A rede social X, anteriormente chamada Twitter, teria ajudado a Arábia Saudita a cometer graves violações dos direitos humanos, fornecendo informações e dados pessoais de seus usuários a pedido de autoridades sauditas em quantidade muito maior do que ocorre, por exemplo, junto a países como Estados Unidos, Reino Unido ou Canadá.
A empresa adquirida no ano passado pelo bilionário Elon Musk é alvo de um processo na Justiça americana movido em maio passado por Areej al-Sadhan, irmã de um funcionário saudita de uma entidade de ajuda humanitária que foi detido e condenado a 20 anos de prisão.
Segundo os autos do processo, ao qual o jornal britânico The Guardian teve acesso, três agentes sauditas teriam se infiltrado no Twitter e trabalhado como funcionários da empresa entre 2014 e 2015, o que teria levado à prisão do irmão de Al-Sadhan, Abdulrahman, e à exposição das identidades de milhares de usuários anônimos do Twitter. Alguns destes teriam sido presos e torturados como parte da repressão do governo saudita aos dissidentes.
Os advogados de Al-Sadhan incluíram no processo novas alegações de que o Twitter, sob a liderança do ex-CEO Jack Dorsey, deliberadamente ignorou ou tinha conhecimento da campanha do governo de Riad para desmascarar seus críticos, o que não impediu a colaboração da empresa com os sauditas.
A atitude se justificariam por razões financeiras, uma vez que o governo saudita é um dos maiores investidores do Twitter.
Elo com assessor de Bin Salman
Segundo os autos do processo, o Twitter se tornou uma preocupação do governo saudita em 2013, depois de ter se tornado um veículo fundamental de apoio aos movimentos populares que eclodiram durante a chamada Primavera Árabe, quando vários países da região enfrentaram protestos em massa em prol da democracia.
Há registros de infiltrações no Twitter que datam de 2014, quando o saudita Ahmad Abouammo começou a acessar e enviar informações confidenciais às autoridades em Riad.
Nos autos do processo consta que Abouammo enviou uma mensagem a Saud al-Qahtani, um assessor próximo do príncipe herdeiro saudita Mohammed bin Salman, através do próprio Twitter. "Proativamente e reativamente, vamos derrotar o mal", dizia a mensagem.
As advogados dizem se tratar de uma referência à identificação e perseguição de dissidentes sauditas que utilizam a plataforma. "O Twitter estava ciente dessa mensagem, descaradamente enviada através de sua própria plataforma, ou estava deliberadamente a ignorando", consta no documento da corte.

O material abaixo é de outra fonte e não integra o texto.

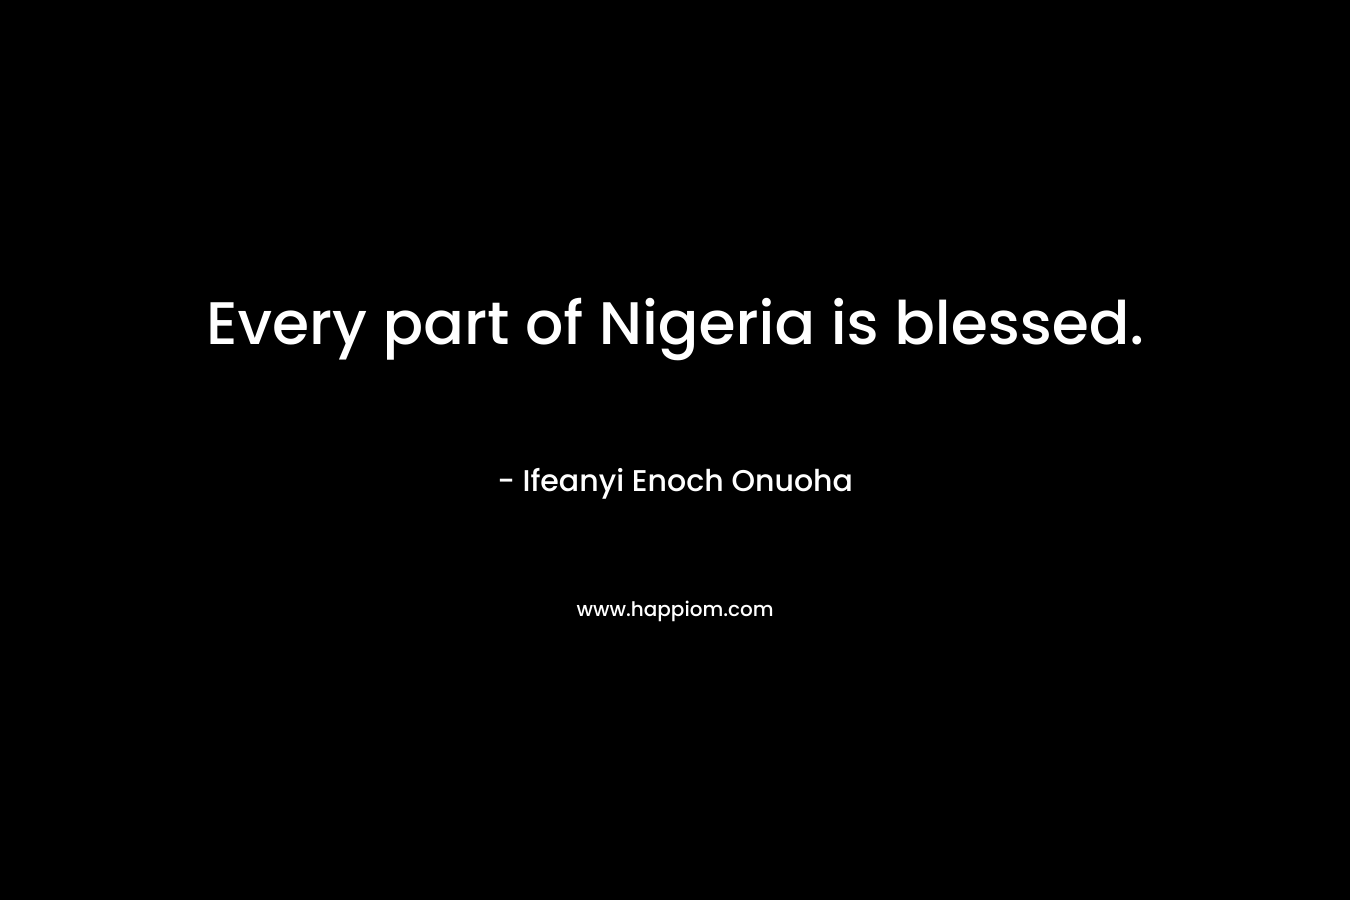 Every part of Nigeria is blessed. – Ifeanyi Enoch Onuoha

Mais tarde, Al-Qahtani seria acusado pelos EUA de ser o mentor do assassinato do jornalista Jamal Khashoggi, em 2018.
Após Abouammo deixar o Twitter, em maio de 2015, ele manteve contato com a empresa para enviar alguns pedidos que recebera de Bader al-Asaker, um dos principais assessores de Bin Salman, que desejava obter informações sobre a identidade de alguns usuários.
Segundo consta nos autos, ele teria deixado claro à empresa que os pedidos eram feitos em nome de seus "antigos parceiros no governo saudita". Abouammo acabou sendo condenado nos Estados Unidos por agir como agente infiltrado da Arábia Saudita e por mentir ao FBI.
Twitter teria "amplo conhecimento" dos riscos
De acordo com os autos, o Twitter teria ainda cde segurança decorrentes da liberação de dados pessoais internos e do fato de pessoas de dentro da organização possuírem acesso ilegal a essas informações, com base em reportagens divulgadas à época.
A rede social, segundo o documento da corte, não somente "ignorou esse sinais de alerta [...] mas estava ciente da campanha nociva".
O Twitter notificaria os usuários que foram alvos dessa ações somente após algum tempo, os informando de que seus dados "podem" ter sido invadidos, sem fornecer maiores informações sobre a escala dessa invasão ou confirmar a certeza de que isso teria ocorrido.
Consta nos autos do processo que "ao fracassar em fornecer essa informação crucial, o Twitter colocou milhares de usuários em risco", e que alguns deles poderiam ter tido tempo de escapar do país se tivessem à par de qualquer ameaça.
Mesmo ciente dos vazamentos de informações, o Twitter continuou a traçar suas estratégias com a Arábia Saudita. Seis meses depois de o FBI informar a empresa sobre a situação, Dorsey se reuniu pessoalmente com Bin Salman. Na ocasião, ambos discutiram como "treinar e qualificar equipes sauditas".
"Acreditamos no caso de Areej e vamos processá-lo com zelo. O que ela mais quer é que a Arábia Saudita simplesmente liberte seu irmão e permita que ele se junte à família nos Estados Unidos", disse ao Guardian Jim Walden, um dos advogados que representa Al-Sadhan.